Einde inhoudsopgave
Douane- en Accijnswet BES
Artikel 4.34
Geldend
Geldend vanaf 01-01-2013
- Bronpublicatie:
20-12-2012, Stb. 2012, 669 (uitgifte: 27-12-2012, kamerstukken: 33403)
- Inwerkingtreding
01-01-2013
- Bronpublicatie inwerkingtreding:
20-12-2012, Stb. 2012, 669 (uitgifte: 27-12-2012, kamerstukken: 33403)

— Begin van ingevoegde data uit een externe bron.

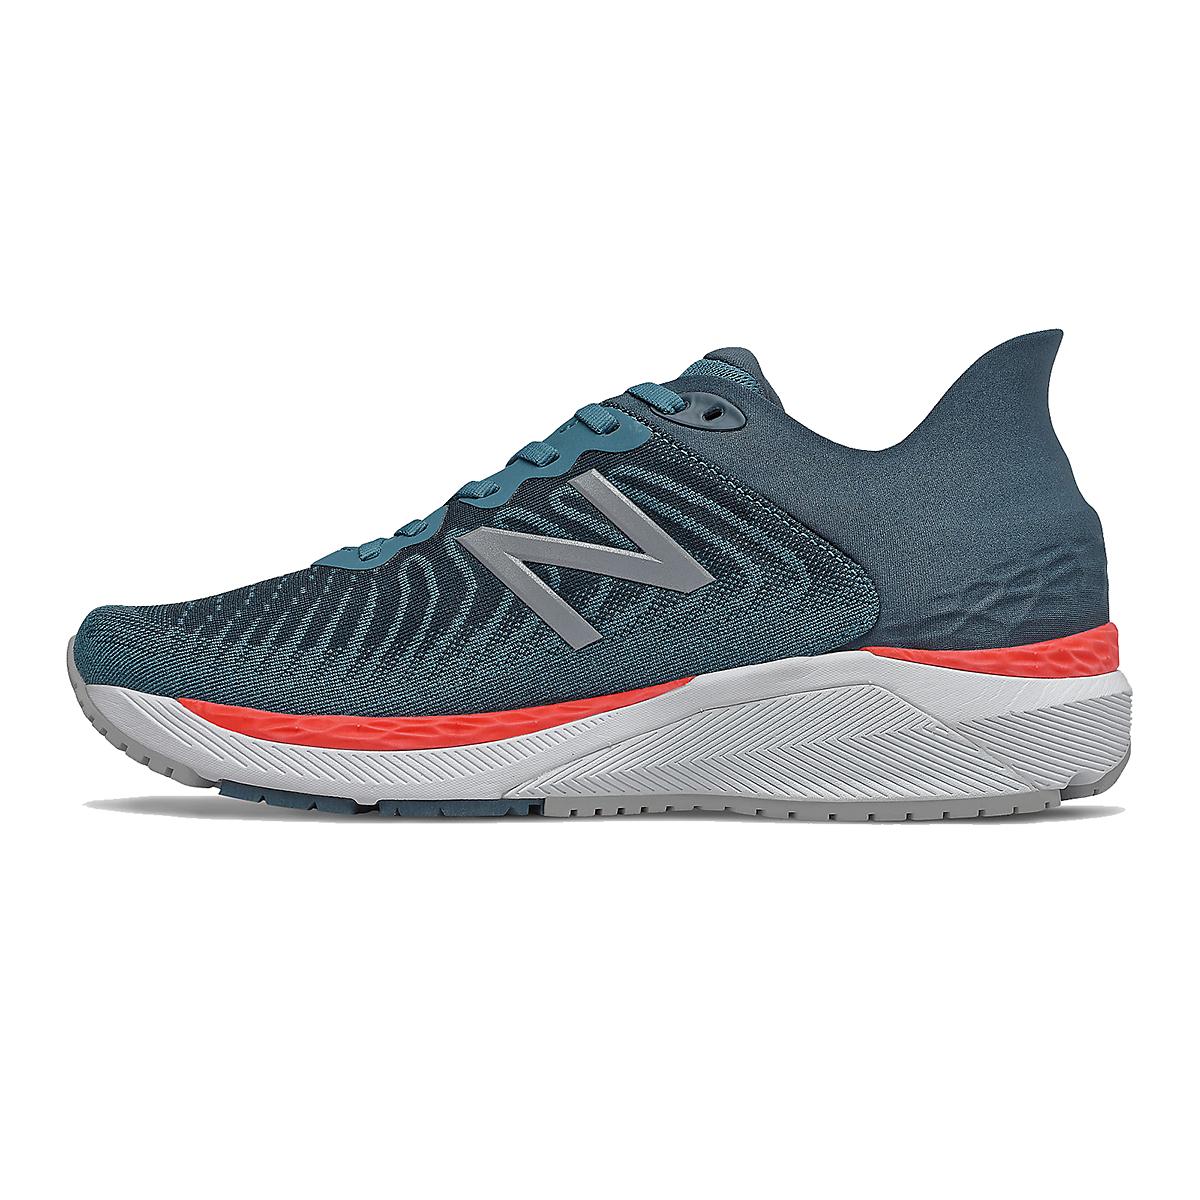 Men's New Balance 860v11 Running Shoe  - Color: Jet Stream - Size: 6 - Width: Wide, Jet Stream, large, image 2

- Overige regelgevende instantie(s)
Ministerie van Binnenlandse Zaken en Koninkrijksrelaties
- Vakgebied(en)
Belastingen van lagere overheden (V)
Belastingrecht algemeen (V)
1.
De accijns wordt geheven van de vergunninghouder van de accijnsgoederenplaats.
2.
In afwijking in zoverre van het eerste lid wordt, in bij algemene maatregel van bestuur aan te wijzen gevallen en onder daarbij te stellen voorwaarden, de accijns van accijnsgoederen die zijn uitgeslagen uit een accijnsgoederenplaats in opdracht van een vergunninghouder van een andere accijnsgoederenplaats voor dezelfde soort accijnsgoederen, geheven van de vergunninghouder van die andere accijnsgoederenplaats.
3.
In afwijking in zoverre van het eerste lid wordt de accijns geheven:
- a.
bij toepassing van artikel 4.4, eerste lid, onderdeel b: van de vergunninghouder van de accijnsgoederenplaats dan wel in voorkomend geval van de vergunninghouder van het douane-entrepot of van het handels- en dienstenentrepot;
- b.
bij toepassing van artikel 4.4, eerste lid, onderdeel c: van degene die een accijnsgoed vervaardigt of heeft vervaardigd, of die een accijnsgoed voorhanden heeft of heeft gehad dat niet overeenkomstig de bepalingen van deze wet in de heffing is betrokken, dan wel van een ieder als bedoeld in artikel 4.45.